Benign recurrent limb pains, sometimes called growing pains, have nothing to do with physical growth but may be related to emotional growth. They can occur in either boys or girls and are most common in grade-school children and young adolescents. The pains may occur anytime during the day or night but are most frequent in the evening and at night.
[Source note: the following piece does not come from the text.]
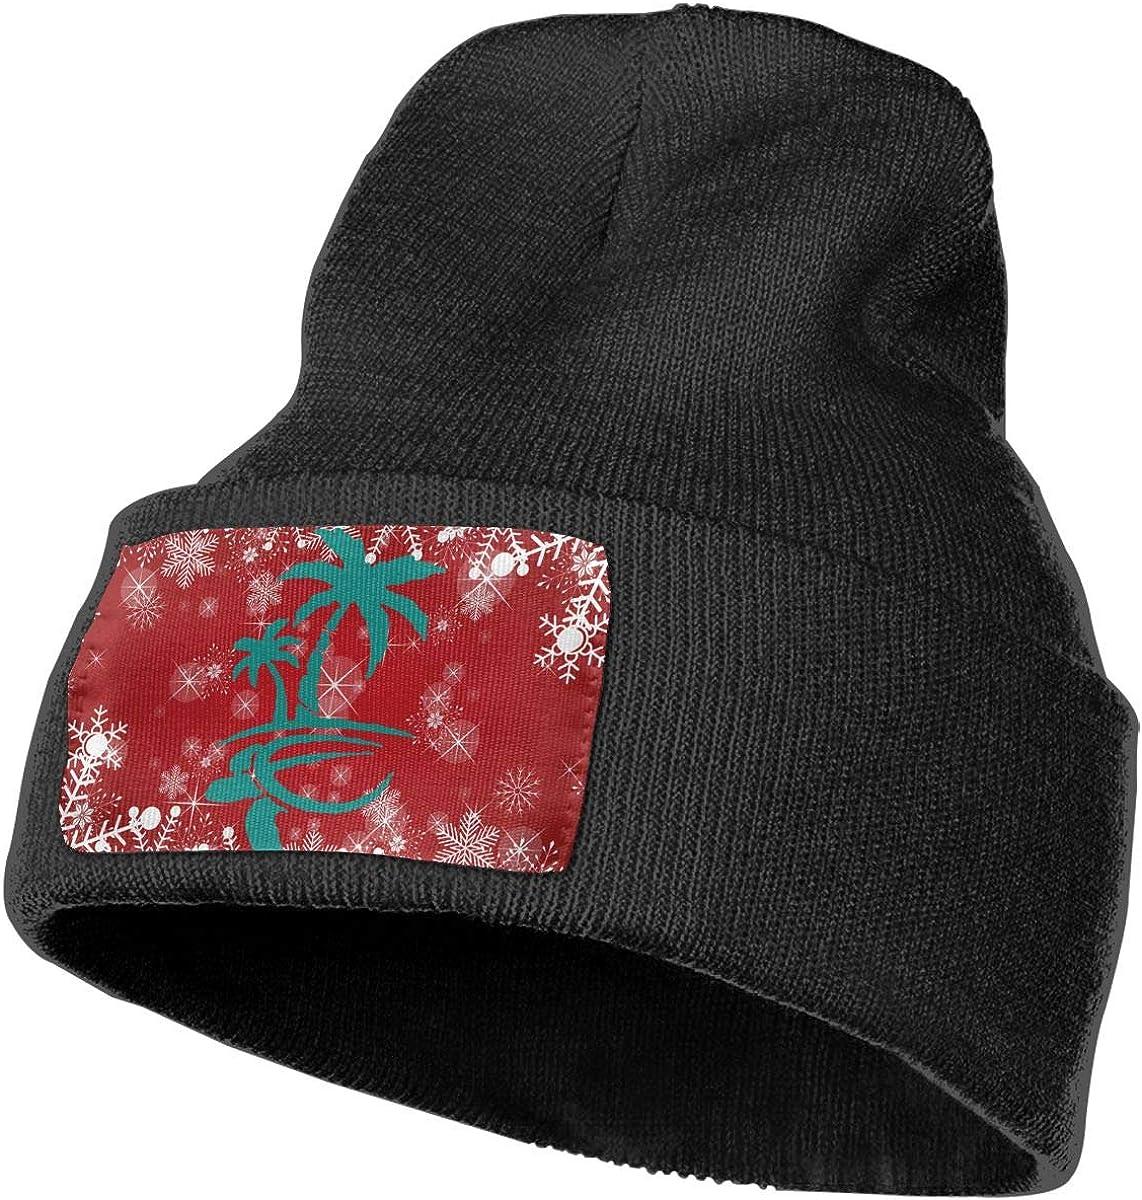 Hawaiian Palm Tree and Sea Turtle Men /& Women Knit Hats Stretchy /& Soft Beanie Cap Hat Beanie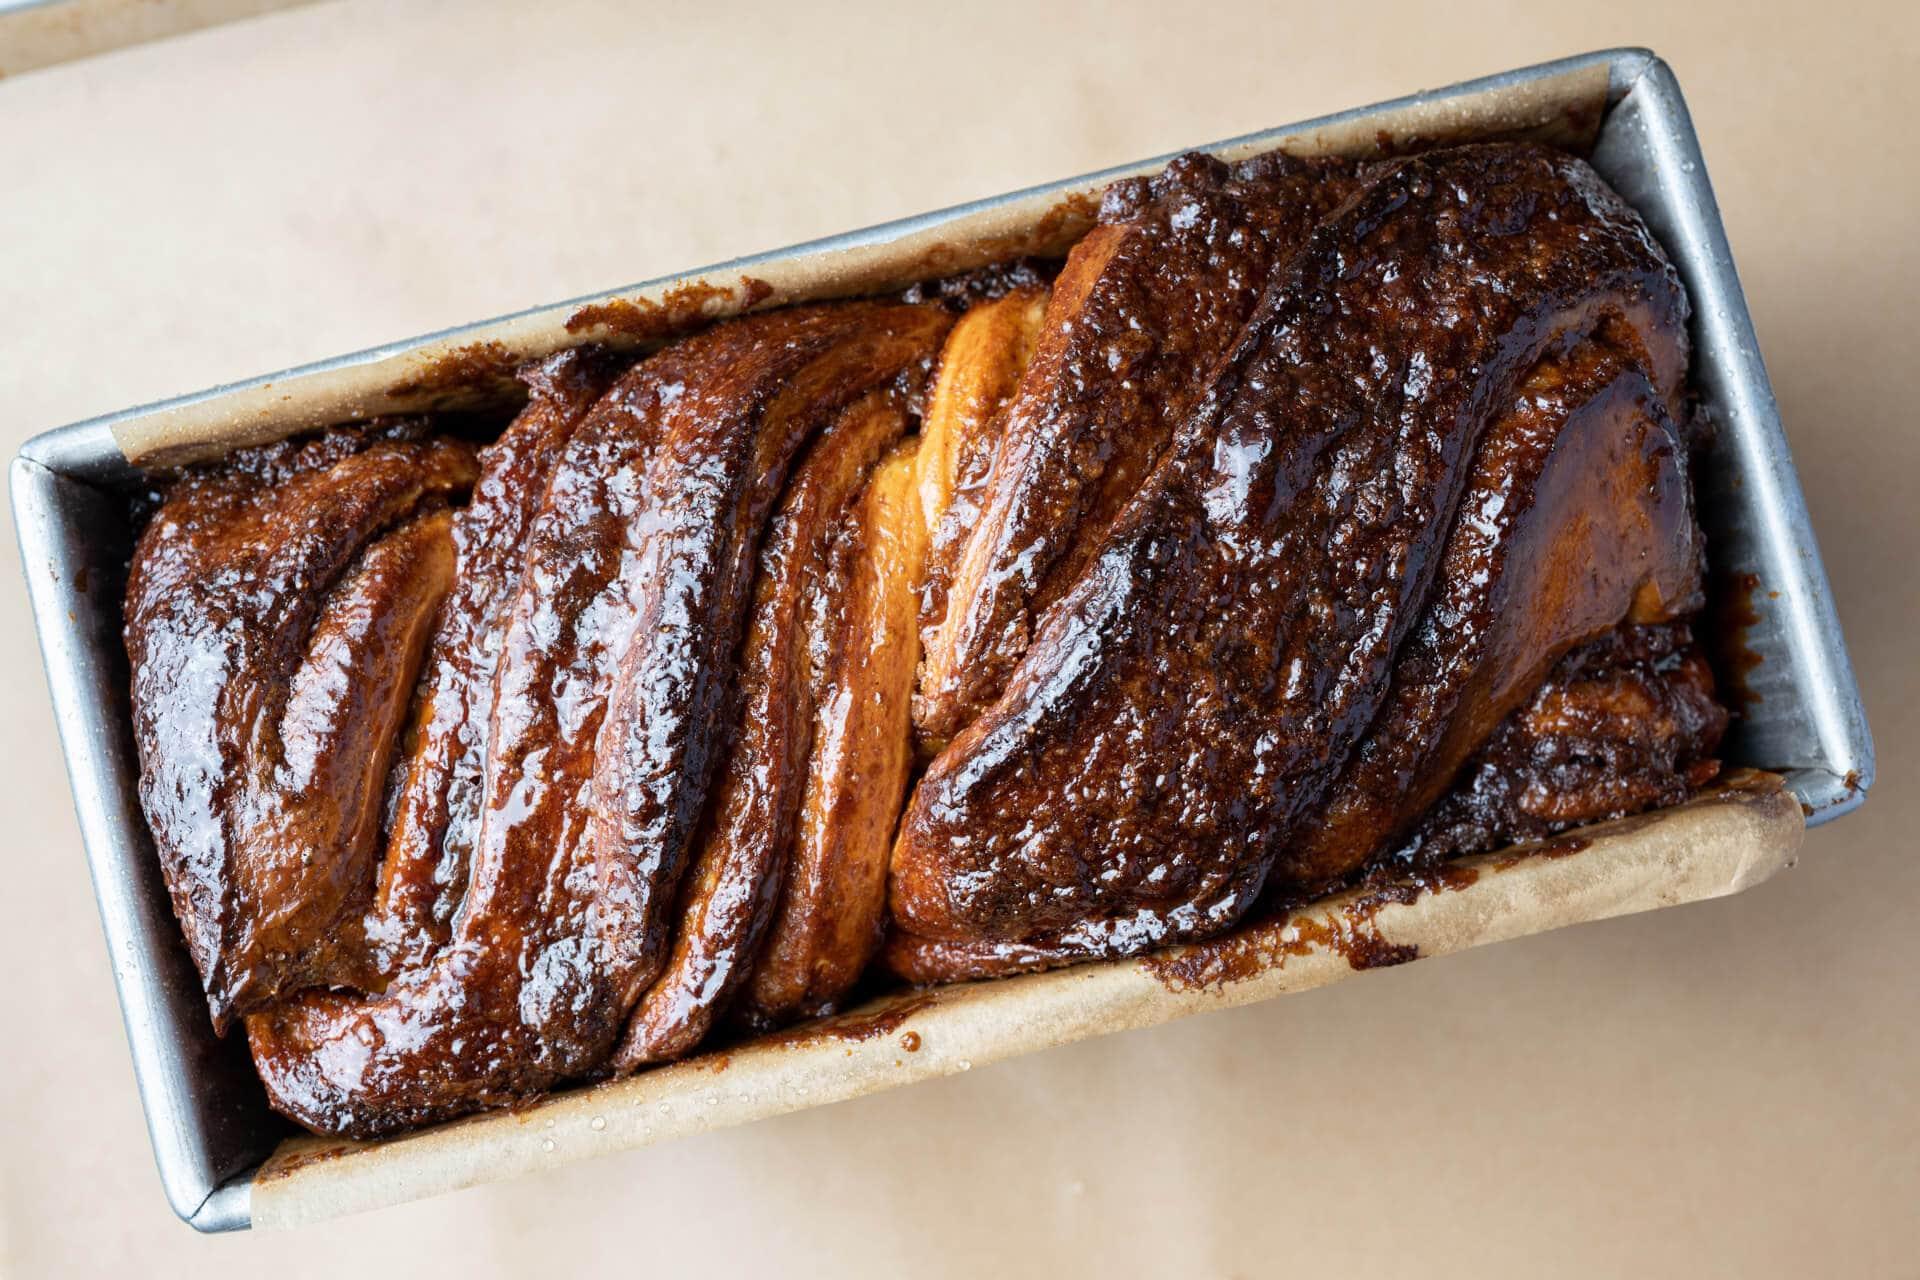 Sourdough babka crust

They tend to involve the lower extremities, most commonly the calves or thighs. They usually revolve within an hour or two. There is no evidence for impaired general health or growth. In fact, x-rays and results of laboratory studies are always normal. There may be a history of similar symptoms in family members during childhood, and evidence of emotional disturbances is quite common.
Conditions resenting with musculoskeletal pain that require further investigation and ongoing therapy include Lyme disease, rheumatic fever, and juvenile rheumatoid arthritis. Other possible causes of joint pain are the seronegative spondyloarthropathies and the rarer connective tissue diseases. In addition, joint or bone pain may be the initial manifestation of neoplastic disease. Various orthopedic conditions (Osgood-Schlatter disease, osteochondritis dissecans, slipped capital epiphysis) also are diagnostic possibilities. When a single joint is affected and the onset of pain is acute, infection should also be considered in the differential diagnosis. We will review each major category of disorders that can cause joint pain in children. The following table will be a list of the more common serious types of conditions affecting children and associated with joint pain that we will review in this series of articles.
Osteochondroses: Legg-Calve-Perthes disease, Osgood-Schlatter disease, Blount's disease, Scheuermann's disease, Sinding-Larsen-Johansson disease.
Trauma: Salter-Harris type fractures, slipped capital femoral epiphysis, avulsion injuries.
Arthritides: Still's disease, juvenile rheumatoid arthritis, juvenile chronic arthritis, juvenile-onset ankylosing spondylitis.
Infection: Lyme disease, septic arthritis, rheumatic fever.
Neoplasm: benign tumors and tumor-like conditions, malignant tumors.
There are many more conditions that can cause joint pain in children, but if one is aware of most of these conditions and is able to come up with a good differential diagnosis, you will be considered one of the better diagnosticians in children's joint disease.
References
- Nelson, A. Joint pain in children: when is it serious? Interstate Postgraduate Medical Assembly, April 1996.
- Oster J, Nielsen A. Growing pain, a clinical investigation of a school population. In: Acta Paediatrica Scandinavia, 1972.
- Apley J. Limb pains with no organic disease. In: Clinical Rheumatic Disease, 1976.
- Ramamurti C. Chapter 12: Injuries to the thigh and knee, Orthopaedics in Primary Care.